The new Mission Village, at 23rd Avenue and 4th Street, is another low-income housing addition in the area. It had many buildings open this year, and they’re already filling up, Teixeira said.

Even with that break, hundreds - if not thousands - of families will still be waiting for a home they can afford. Almost 2,000 people are waiting for homes on the Greeley-Weld Housing Authority’s list alone, and that is only people who have applied.

It’s not easy to build low-income housing, Raddatz said. It’s prohibitively expensive to do it alone.

“Effectively, an affordable housing project cannot be built without the competitive federal tax credits,” he said. “You’ve got a 20 percent probability of getting an award, and without it, you can’t build anything.”

Federal agencies give developers a break in taxes to make up for construction costs. Only 1 in 5 projects on average get the break, and even the application process is tremendously costly, Raddatz said. For the Guadalupe apartments, Catholic Charities had to pay $40,000 to fight for the tax credits.
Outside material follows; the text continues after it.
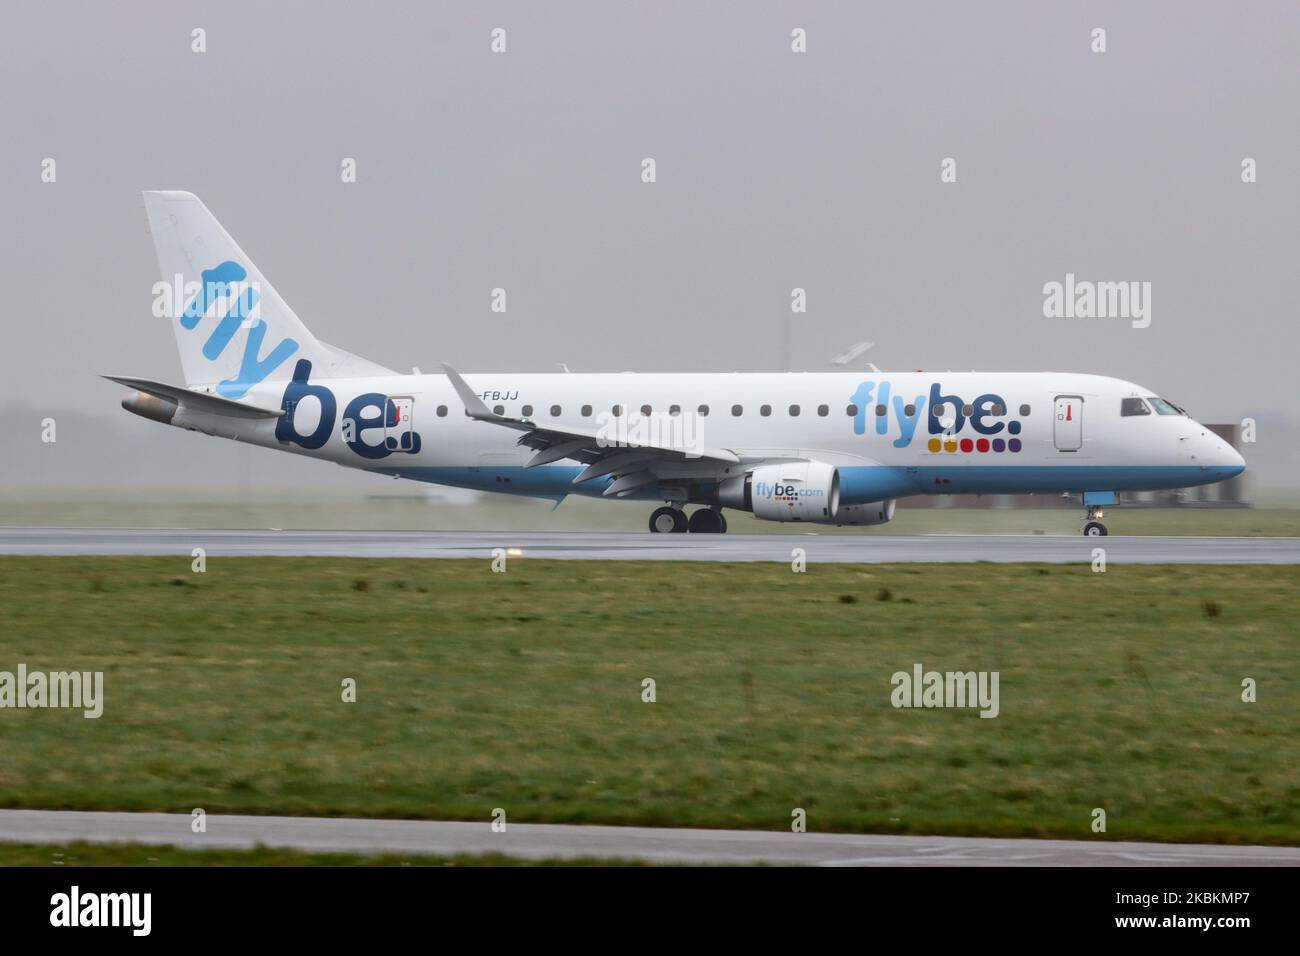 Flybe Embraer ERJ-175 aircraft as seen landing and taxiing at Amsterdam Schiphol International Airport. The Brazilian made airplane has the registration G-FBJJ. Flybe was a British commercial airline carrier with 63 planes fleet that ceased operations on March 5, 2020 because of financial problems and deterioration of passenger traffic because of Coronavirus Covid-19 pandemic. (Photo by Nicolas Economou/NurPhoto) Stock Photo

Another way to help families and individuals find a permanent home is a practice called “rapid rehousing.” 

Agencies work to either keep people from falling over the edge into homelessness or help them get back into an apartment. Usually, the program includes something like help making a deposit on a new apartment or help paying for utilities.

Weld County has about 500 people needing rapid rehousing every year, according to the Corporation for Supportive Housing study.

Agencies such as the United Way want to find a way to supply that, either by donations or seeking other funding, Falvo said.

This model is preferable for many over housing projects, most of which get built in Greeley. 

If someone has a life - kids in school, a job - in Fort Lupton, but they fall into homelessness, rapid rehousing helps find a home somewhere nearby.

Obviously, leaders have their work cut out for them. Area agencies have to fight an uphill battle. 

Funding is short for everyone. Space is hard to come by. Regulations make things tough.

Then again, Jon Engrav had a warm place to stay for a night. 

Maybe the community can take a cue from his wheelchair. On the back, written in silver ink, it says, “Never give up, respect, always smile, never lose hope.”